To load a dataset by name, use the load_dataset utility. The returned object will be an instance of the appropriate dataset class, such as SingleCellLabeledDataset or SingleCellPerturbationDataset:

from czbenchmarks.datasets import load_dataset, SingleCellLabeledDataset

dataset: SingleCellLabeledDataset = load_dataset("tsv2_prostate")
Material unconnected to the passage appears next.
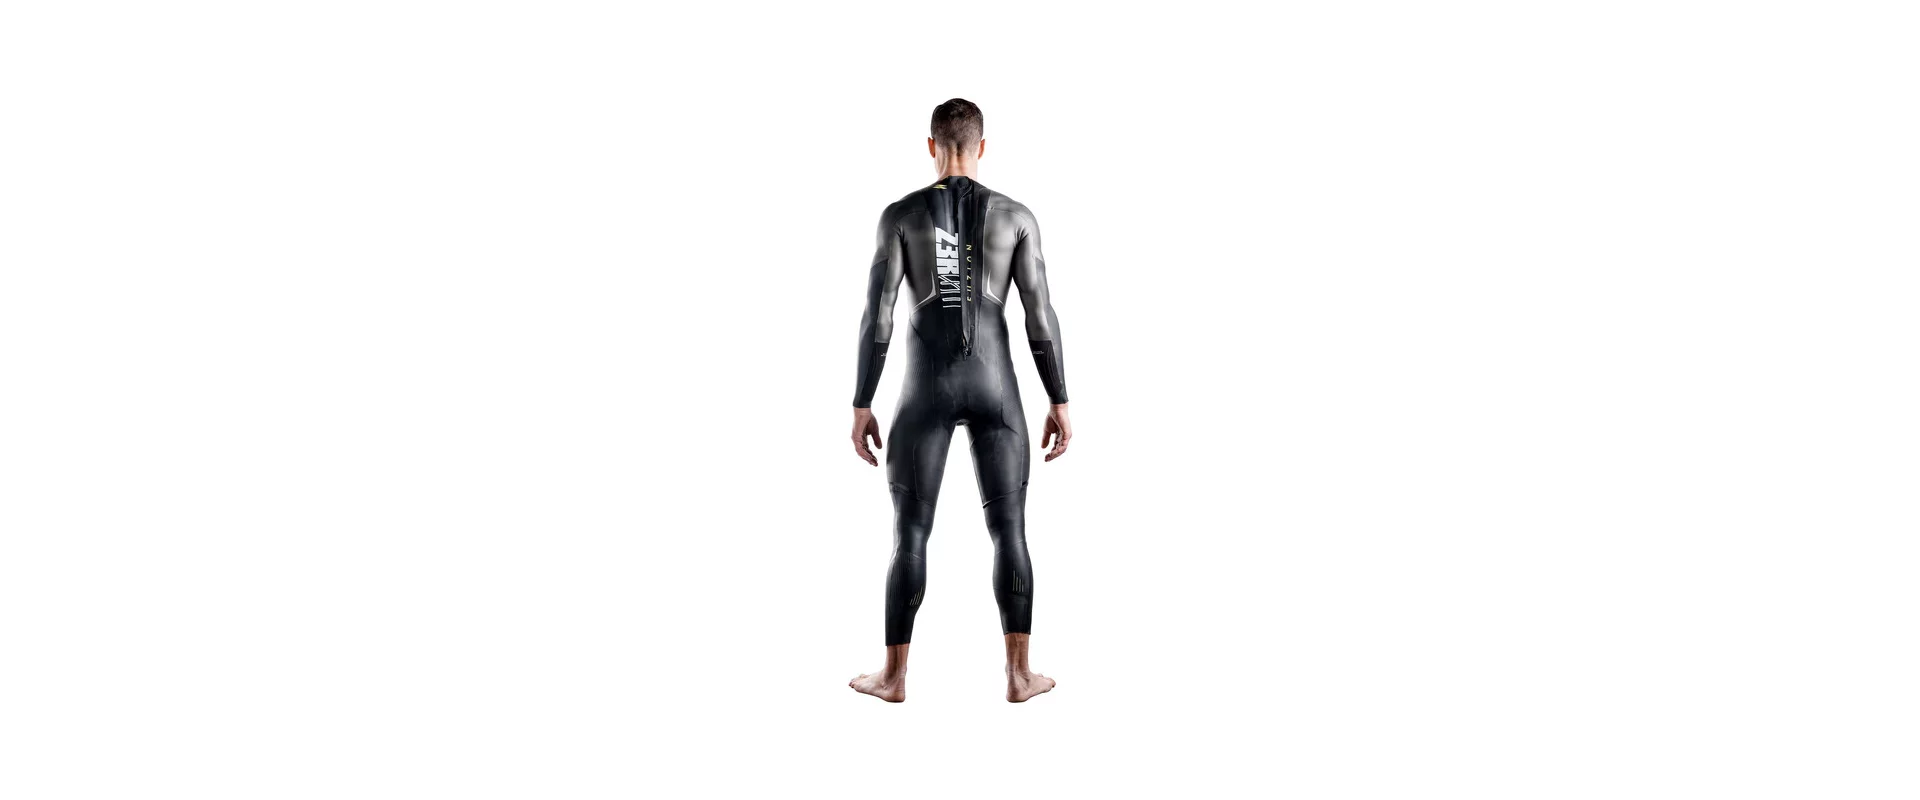 Z3R0D Fuzion Max Wetsuit / Мужской гидрокостюм для триатлона и открытой воды фото 4

Accessing Dataset Attributes

After loading, you can access the Dataset’s attributes, which vary depending on the dataset type:

For SingleCellLabeledDataset:

adata_object = dataset.adata        # AnnData object with expression data
labels_series = dataset.labels      # Labels from the specified obs column

For SingleCellPerturbationDataset:

control_cells_map = dataset.control_cells_map           # Dictionary: condition → {treatment cell barcodes : matched control barcodes}
target_conditions_dict = dataset.target_conditions_dict # Dictionary of masked gene ids for each condition
de_results = dataset.de_results                         # Differential expression results
control_matched_adata = dataset.adata                   # AnnData object for matched controls

Refer to the class docstrings and API documentation for more details on available attributes and methods.

Tips for Developers

  • AnnData Views: Use .copy() when slicing data to avoid issues with modified “views” in Scanpy.